Authors: Ismael Araujo, Jacob Heyman
This is a revised version of the original project created by Ismael Araujo and Jacob Heyman. You can find it here.
As medical technology advances, the rate of preventable child mortality decreases. Lowering child mortality rates has become a key goal in advancing any society and a key in human progress as a whole. While many advancements have improved the mortality rate, not all of these practices are globally available. To reduce mortality rates in cost-effective and readily available solutions need to be applied and perfected.
One such cost-effective and relatively simple method would be the use of Cardiotocograms (CTG). The CTG is a non-invasive fetal monitor which is used to assess fetal health. The CTG is used to detect fetal heart rate (FHR), uterine contractions, fetal movement, and sudden heart rate changes. Extreme changes to the FHR result in surgical intervention through the use of cesarian delivery(C-section). Currently, doctors rely on a visual analysis of the CTG, leading to erroneous exam interpretations. Minute changes which may be extremely detrimental to fetal health may also not be visible to the naked eye.
Conversely, some observable changes in fetal heart rate may appear to be fetal distress but are just a response to other factors like uterine contractions. In case doctors opt to perform C-section increases the chances of mortality for the child and the mother. For these reasons’ visual analysis of a CTG exam is limited by human error and cannot definitively detect fetal distress.
Machine learning algorithms could become a viable option to improve the diagnosis of fetal distress with a CTG and decrease the mortality rate. A well-trained model will identify which variable changes to the FHR have the most significant effect on fetal health. To lower the overall risk of child mortality, an ML model must accurately classify between normal and distressed fetal health and be precise enough in its predictions to prevent any unnecessary interventive surgical procedures. We used a CTG exam dataset found on Kaggle from The Journal of Maternal-Fetal Medicine for our analysis. The dataset consisted of 2126 CTG exam records classified into three classes (normal, suspect, pathological). In this initial analysis, we decided to create a normal and distressed binary class, combining the suspect and pathological classes into one class.

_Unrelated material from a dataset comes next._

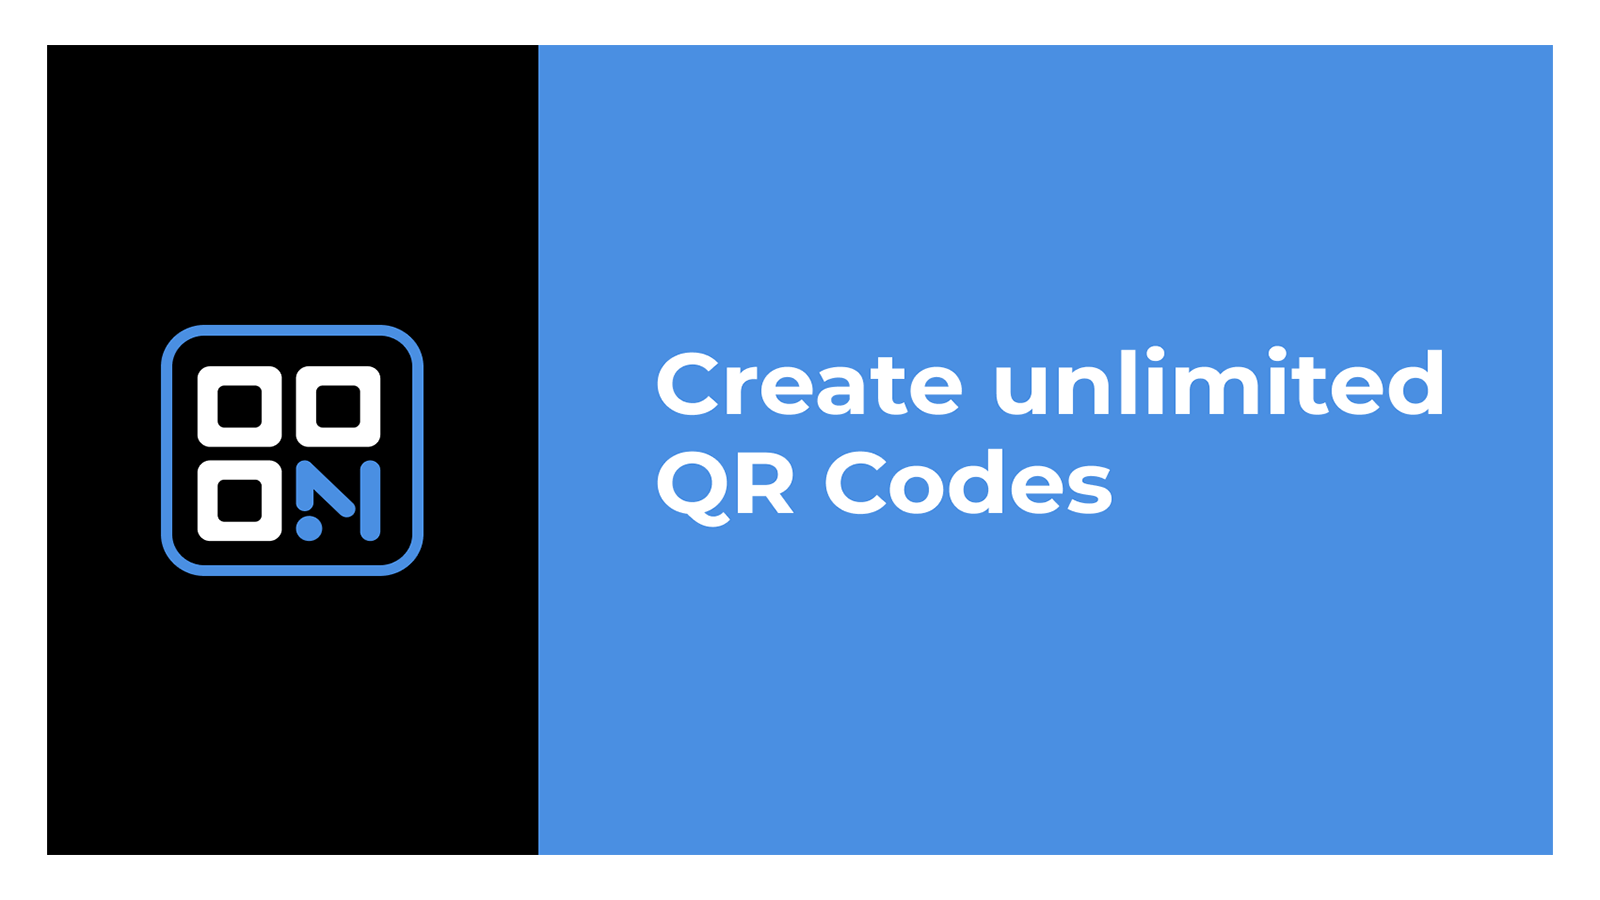 Erstellen Sie unbegrenzt QR-Codes

To address the issue of eliminating human error and erroneous surgical intervention, our goal of this analysis was to identify which key features played a role in determining the healthy or distressed classes and to produce a highly precise model to eliminate unnecessary C-sections. To achieve these goals, we performed an extensive exploratory data analysis, created baseline models, and performed hyperparameter tuning of models for both an experimental feature and unaltered CTG data set. Our final model had evident feature importance and the best evaluation metrics.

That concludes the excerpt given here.